Надо сказать, в начале 90-х годов прошлого столетия в Одессе крайне сложно было найти копировальное оборудование или, например, офис с ксероксом. Импортную технику в страну только – только начали завозить контрабандой. Однако, настойчивый поисковик, увлеченный Веденяпин уже к вечеру имел на руках копию рукописи, сделанную в подвале здания райкома комсомола на ротапринте улыбчивыми пожилыми одесситками за символическую плату и коробку шоколадных конфет «Ассорти».
Тем же вечером, в модном вельветовом пиджаке актер вновь навестил старика, вернул рукопись владельцу, удобно расположился в кресле перед столом в комнате и с неподдельным интересом приготовился слушать продолжение «Списка Одисса» в чтецком исполнение мастера художественного слова.
На круглом столе красовались щедрые подарки гостя: торт «Наполеон», три коробки конфет, несколько пакетов мармелада, пряников и печенья. Но угощения долго оставались нетронутыми.
– Таинственная графиня остановилась в отеле «Рено, – торжественным голосом продолжил чтение старик. Он легко переводил с французского, возможно, знал рукопись наизусть, или умело импровизировал, излагал по памяти сию замысловатую историю. При этом он благодушно усмехался, радуясь, что сумел увлечь заезжего артиста своими россказнями.
– Чума унесла последних родственников по линии умершего супруга, и приютить графиню Рудерскую в Одессе было некому. Дабы стать благосклонно принятой высшим обществом города, молодая вдова имела на руках рекомендательные письма, к самому генерал-губернатору в том числе. Однако, графиня не торопилась выйти в свет для скорейшего знакомства с важными господами, богатейшими купцами и негоциантами, хотя после стольких лет пребывания за границей ей необходимо было, как можно скорее, оживить все свои влиятельные связи. Светская красавица, прожившая три последних года в Париже, наоборот, постаралась остаться незамеченной в Одессе как можно дольше. Удалось ей это затворничество на три или четыре дня, не более. Последовали настойчивые, назойливые приглашения на балы и званые вечера от местных чиновников, купцов и дворян, лично от генерал-губернатора и от «Его сиятельства князя Н., адъютанта его Величества».
Старик сделал долгую паузу, испытующе взглянул на гостя. Тот пребывал в блаженном состоянии упоительного покоя. Его совершенно не смутило, что все это время девочка, оказывается, сидела под столом и сейчас слегка зашуршала скатертью, видимо, в нетерпении и неудовольствии, что дед прервал чтение.

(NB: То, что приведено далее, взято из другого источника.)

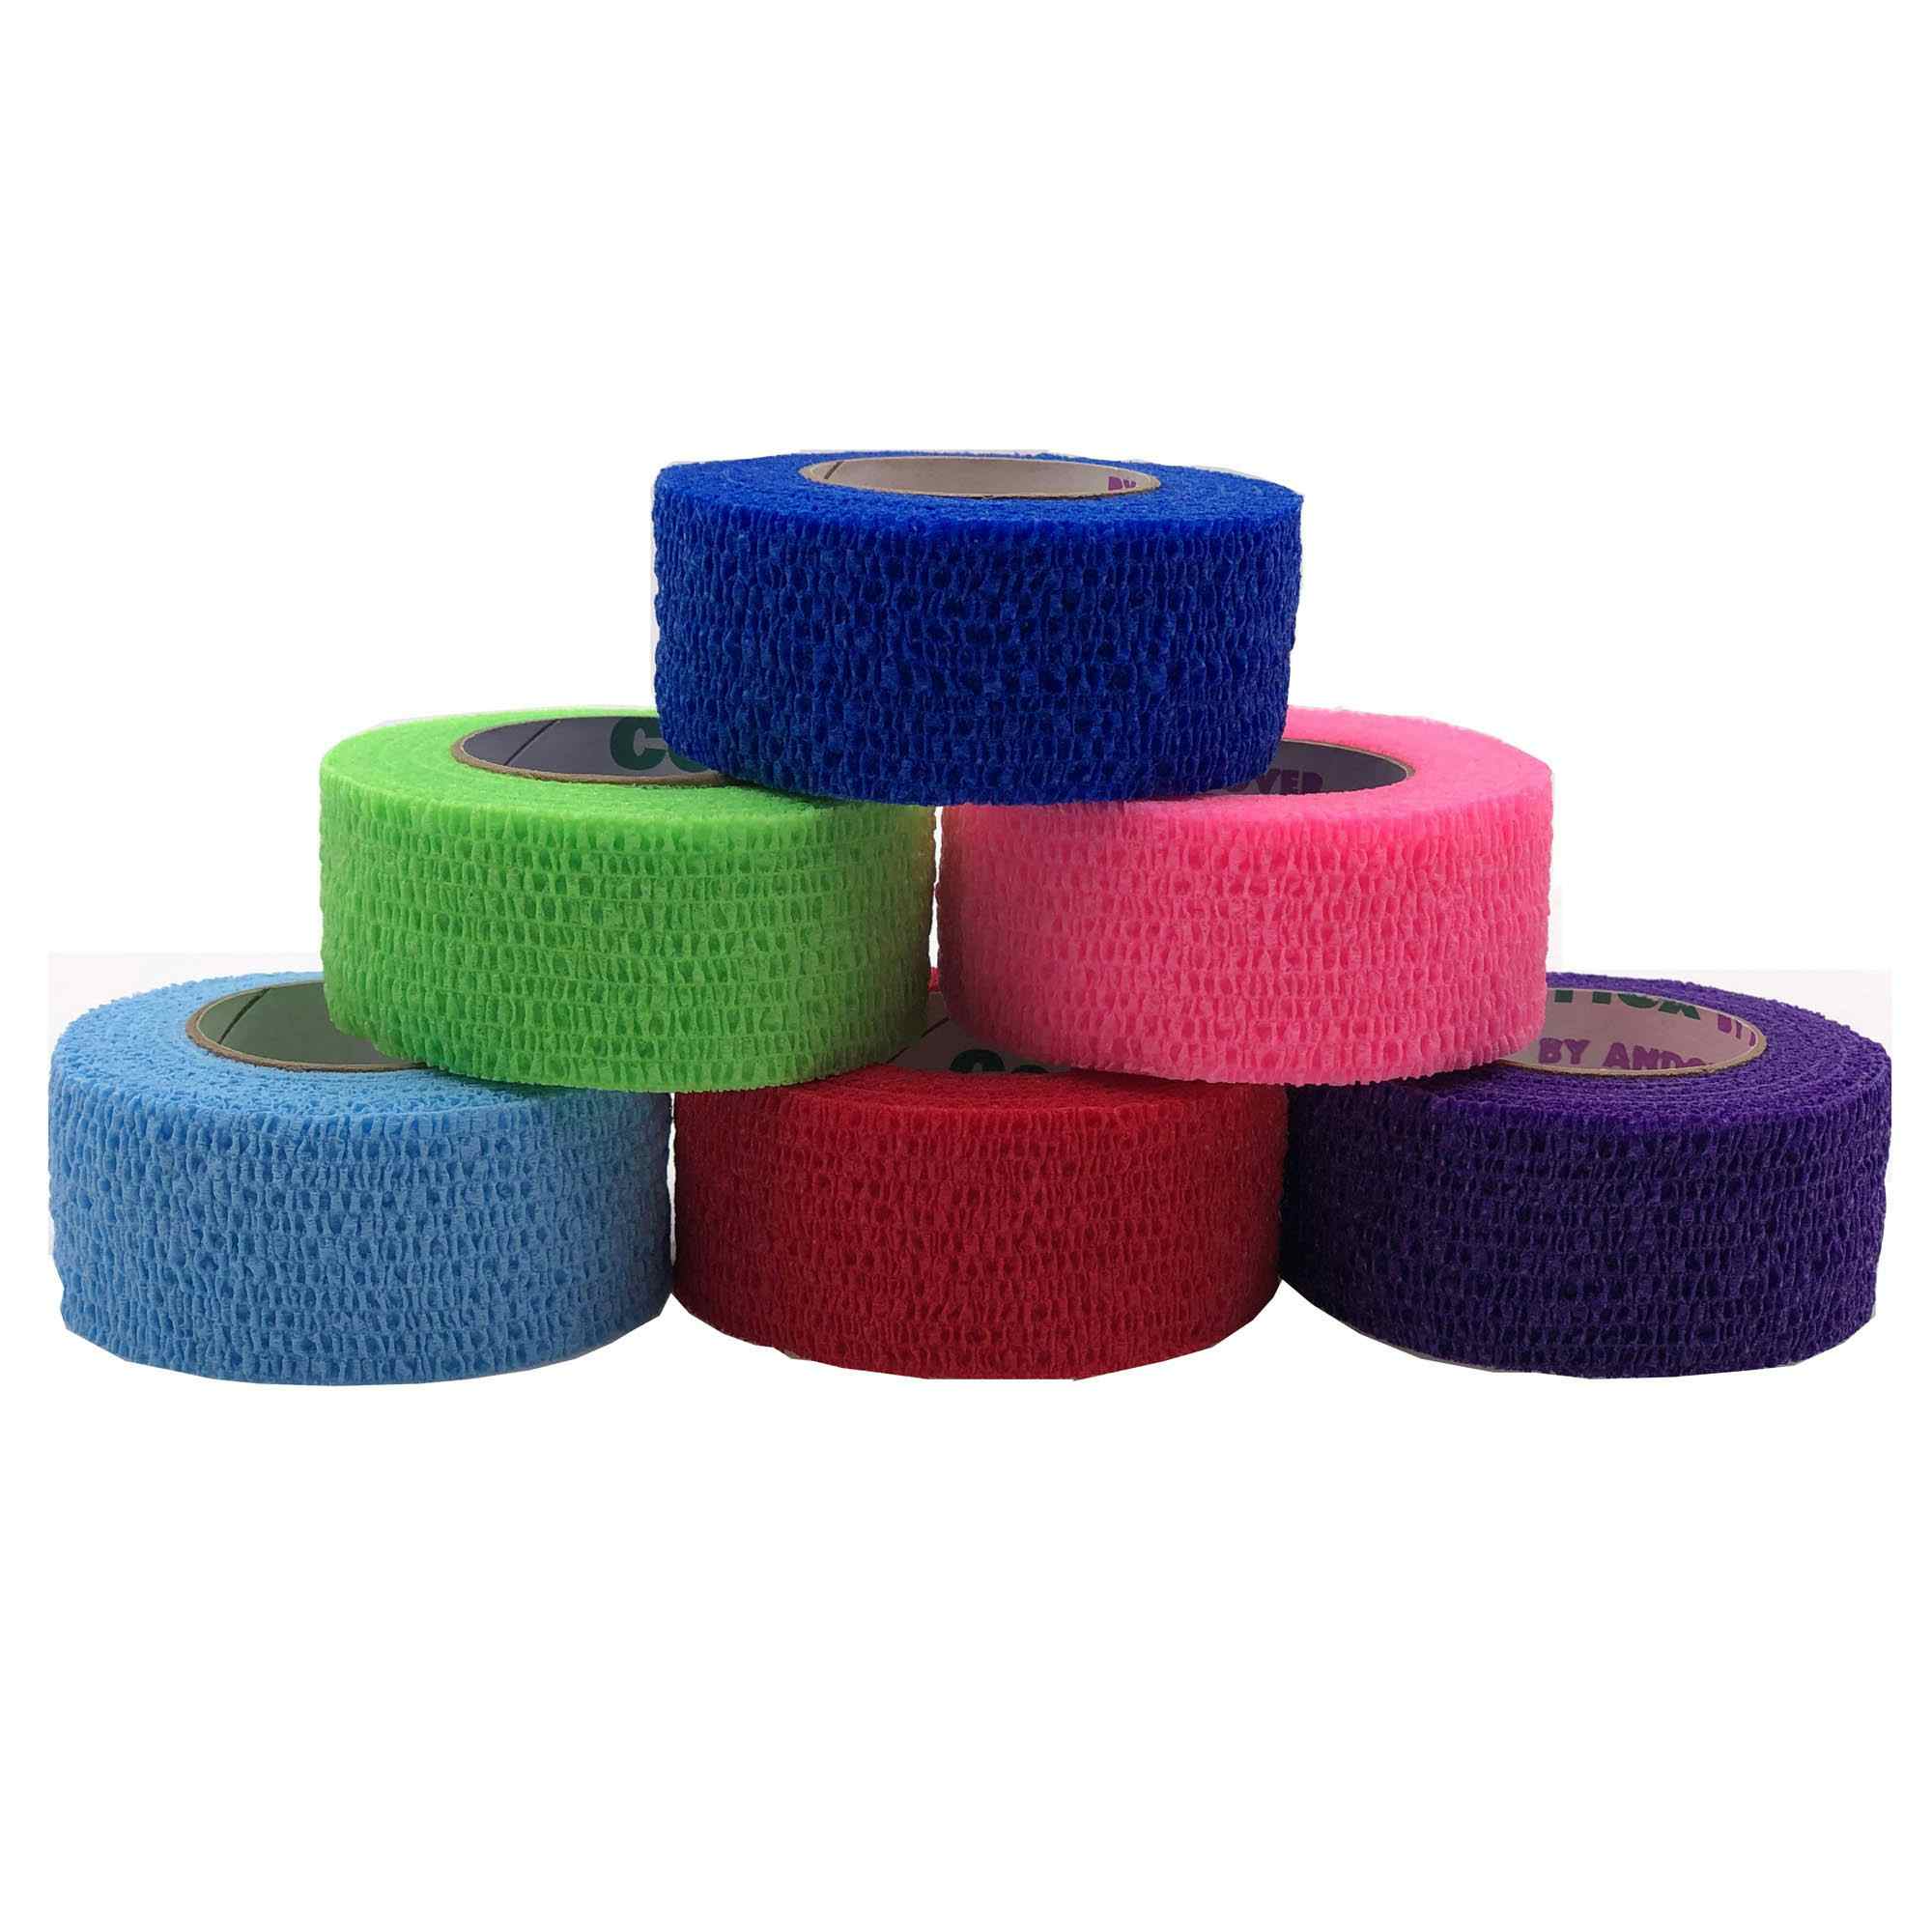 CoFlex Cohesive Bandage, 2" X 5 yd, 3200CP, Assorted Neon Colors - Case of 36

Веденяпин вынул из-под заварочного фарфорового чайника почерневший мельхиоровый поднос, насыпал на него горку конфет, пряников и печенья, опустил на черный паркет пола и пододвинул к потёртому носочку красной сандалеты, торчащему из-под скатерти. Подносик с угощением уехал, скрылся в убежище маленькой пройдохи. Старик разогнулся, с удовольствием отметил это подношение, улыбнулся с благодарностью за понимание к чудачествам не вполне здорового ребенка и продолжил чтение.
– Парадные выходы Агнессы Рудерской в высший свет случатся несколько позже. Графиня, разумеется, с благодарностью примет приглашения и, несомненно, наметит для своих любовных утех самых респектабельных господ Одессы, женатых, вдовцов, закоренелых холостяков, их сыновей и племянников… Вдове не было еще и двадцати семи лет. Стать графини Рудерской, ее античная красота лица и тела, ее образование и великосветское воспитание, при всем этом, ее решительный характер и способность к авантюрным поступкам совершенно скрадывали ее лета.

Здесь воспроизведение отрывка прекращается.